Raja Malaysia Rapat Darurat dengan 9 Sultan Tentukan PM Baru

Raja Malaysia menggelar rapat khusus dengan sembilan sultan yang memimpin negara bagian di Negeri Jiran soal penunjukan PM baru setelah hasil pemilu mentok.


Jakarta, CNNIndonesia

Raja Malaysia Al-Sultan Abdullah mengadakan pertemuan dengan sembilan sultan yang memimpin negara bagian masing-masing pada Kamis (24/11) untuk mencari “bulan sabit” terkait penunjukan tersebut. Perdana Menteri hanya terjebak.

Pertemuan ini berlangsung setelah Raja Abdullah masih belum bisa memutuskan siapa yang akan menjadi PM baru meski bertemu dengan pimpinan dua partai koalisi terbesar dalam pemilihan umum, Anwar Ibrahim dan Muhyiddin Yassin, kemarin.

IKLAN

GULIR UNTUK LANJUTKAN KONTEN

“Setelah bertemu dengan perwakilan Barisan Nasional, Yang Mulia (Raja Abdullah) telah memberikan izin kepada Istana Negeri untuk mengusulkan pertemuan khusus para penguasa Melayu di Istana Negeri, besok, Kamis, 24 November 2022,” bunyi pernyataan dari Istana Negara dirilis di Facebook.

Pertemuan raja-raja Malaysia akan berlangsung besok sekitar pukul 10.30 waktu setempat dan diperkirakan berlangsung selama tiga jam. Sumber dari Istana Negara menganggap pertemuan ini penting dan akan menentukan keputusan akhir terkait penunjukan perdana menteri.

[Gambas:Video CNN]

Hari ini, Raja Malaysia memanggil semua afiliasi Barisan Nasional di parlemen untuk membantu menemukan solusi untuk menunjuk PM baru. Pasalnya, hasil pemilu akhir pekan lalu menunjukkan tidak ada satu pun koalisi partai yang berhasil memperoleh ambang batas minimal suara untuk membentuk pemerintahan.

Berdasarkan hasil pemilu, koalisi Anwar, Pakatan Harapan (PH), meraih suara terbanyak, 82 kursi. Namun, jumlah ini tidak cukup untuk mencapai mayoritas.

Sedangkan koalisi pendukung Muhyiddin, Perikatan Nasional (PN), hanya mendapat 73 kursi. Dia pernah mengklaim mendapat dukungan dari dua kubu politik yang lebih kecil dari Sabah dan Sarawak.

Bahkan dengan dukungan Sabah dan Sarawak, kursi yang diraih koalisi Muhyiddin hanya 101. Jumlah itu belum mencapai ambang batas.
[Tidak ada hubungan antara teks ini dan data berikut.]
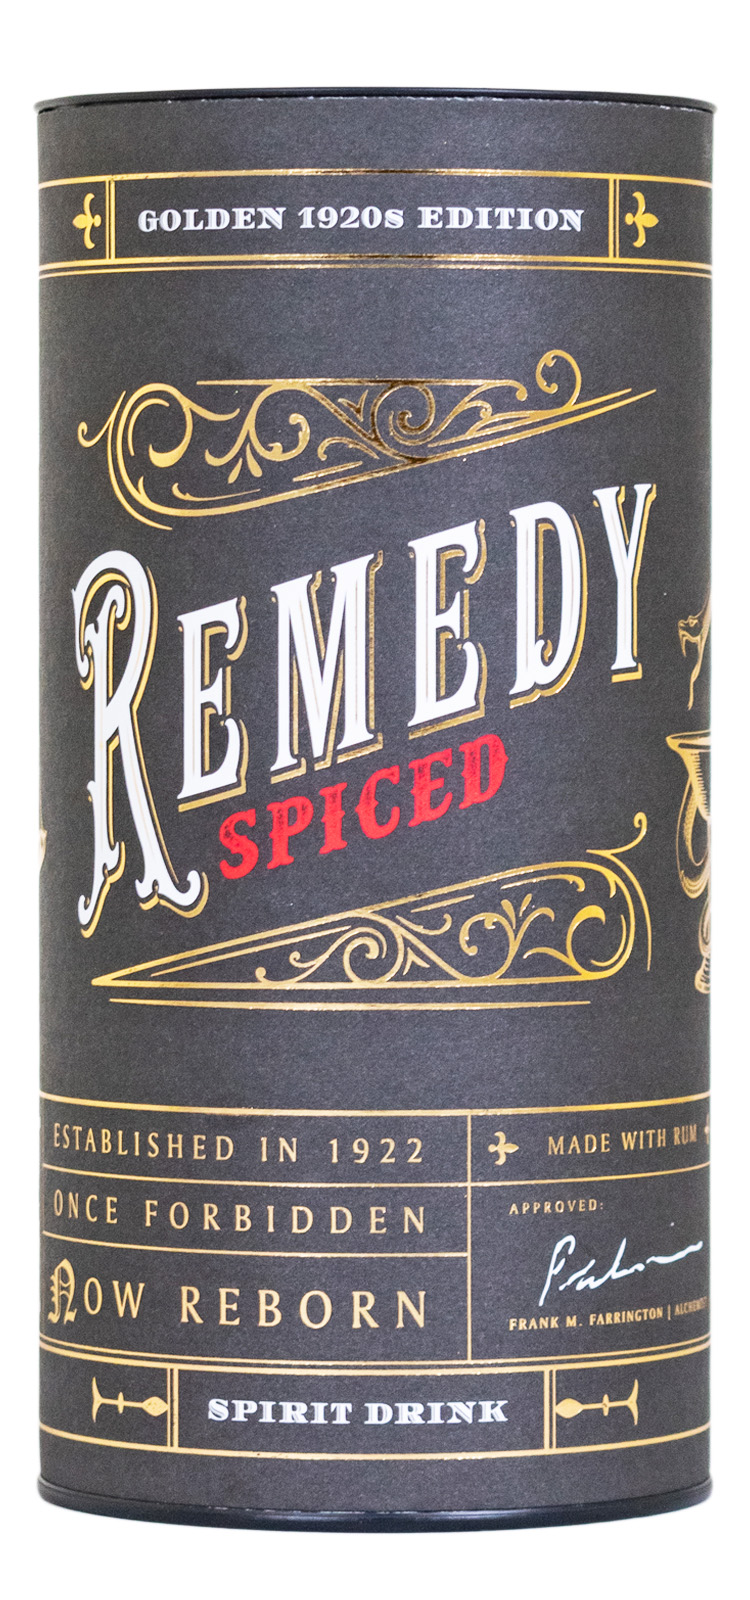 günstig Golden Spiced Rum 20s Remedy kaufen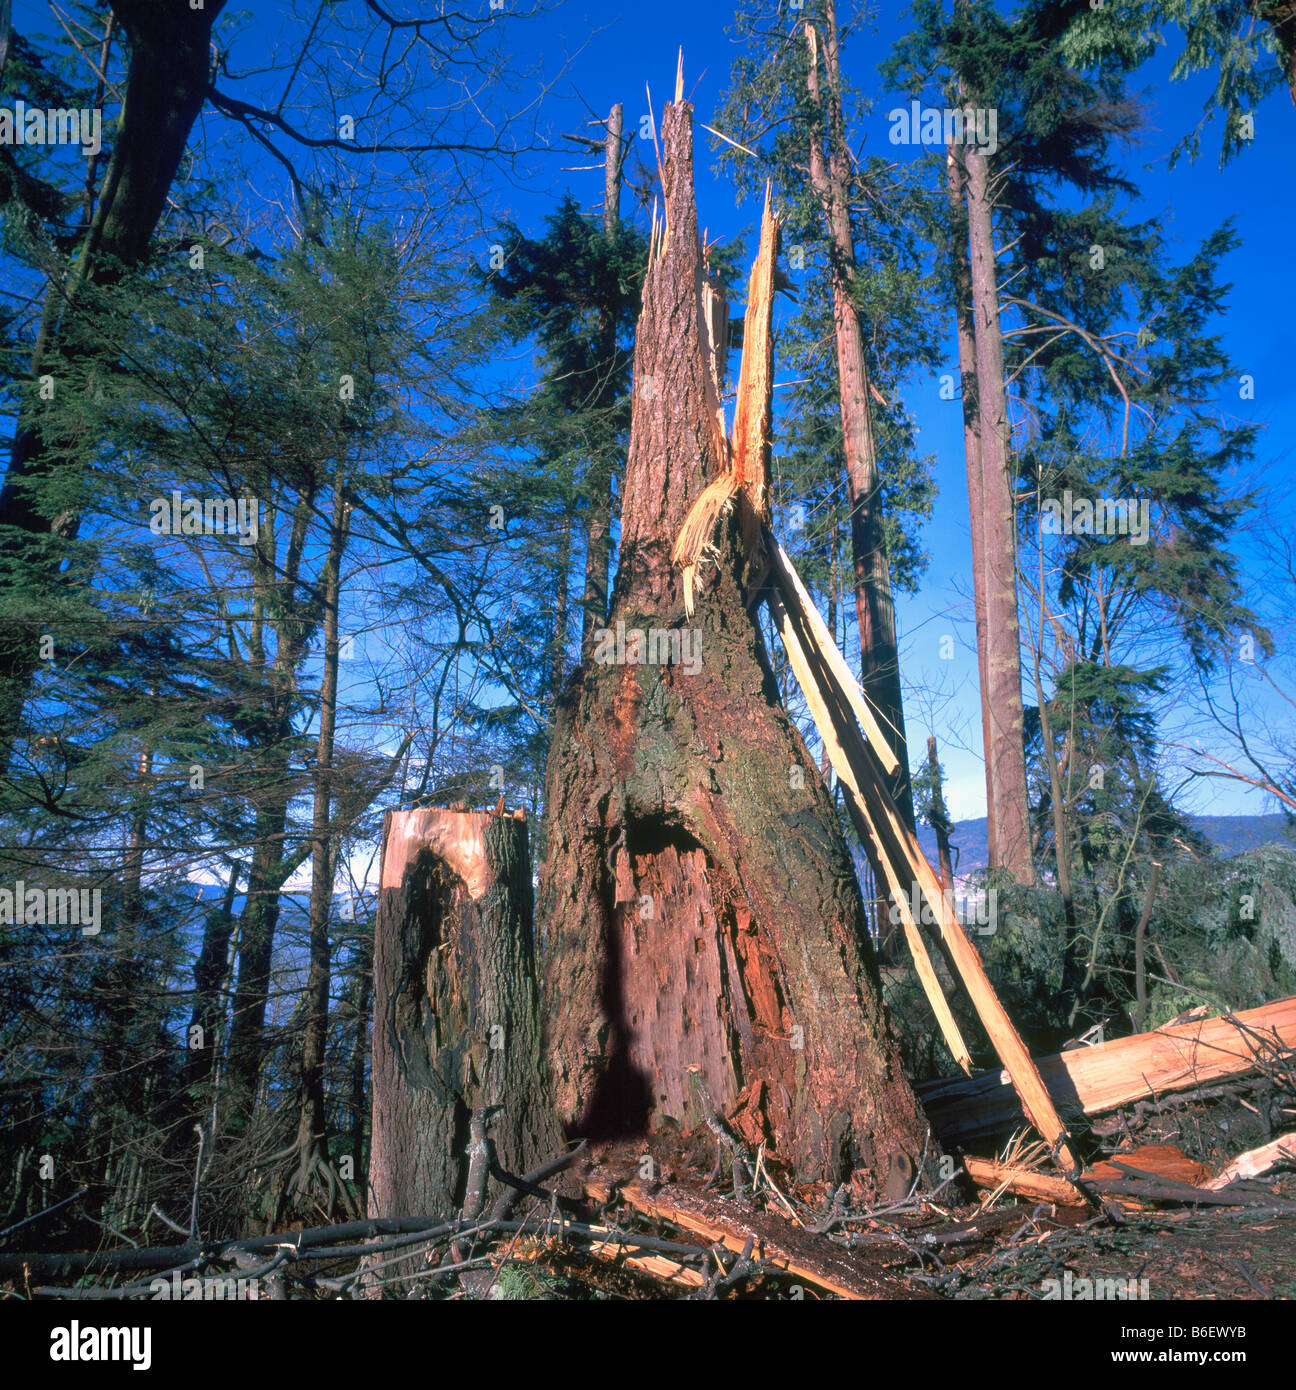 Stanley Park, Vancouver, BC, Britisch-Kolumbien, Kanada - beschädigt Baum vor Sturm, Sturmschäden und Zerstörung Stockfoto

Menurut konstitusi Malaysia, untuk membentuk kabinet, sebuah partai atau koalisi membutuhkan setidaknya 112 suara dari total 222 kursi parlemen. Pemegang mayoritas ini memiliki hak untuk mencalonkan seorang calon PM kepada raja.

Faktanya, Raja Abdullah telah dua kali memperpanjang tenggat waktu bagi Anwar dan Muhyiddin untuk mendapatkan dukungan minimum yang dibutuhkan salah satu koalisi mereka untuk membentuk pemerintahan baru.

Raja Abdullah juga mencoba membentuk pemerintahan persatuan yang terdiri dari dua koalisi yang bertikai, tetapi Muhyiddin menolaknya.

Konferensi sultan Malaysia juga akan berlangsung pada Senin (28/11).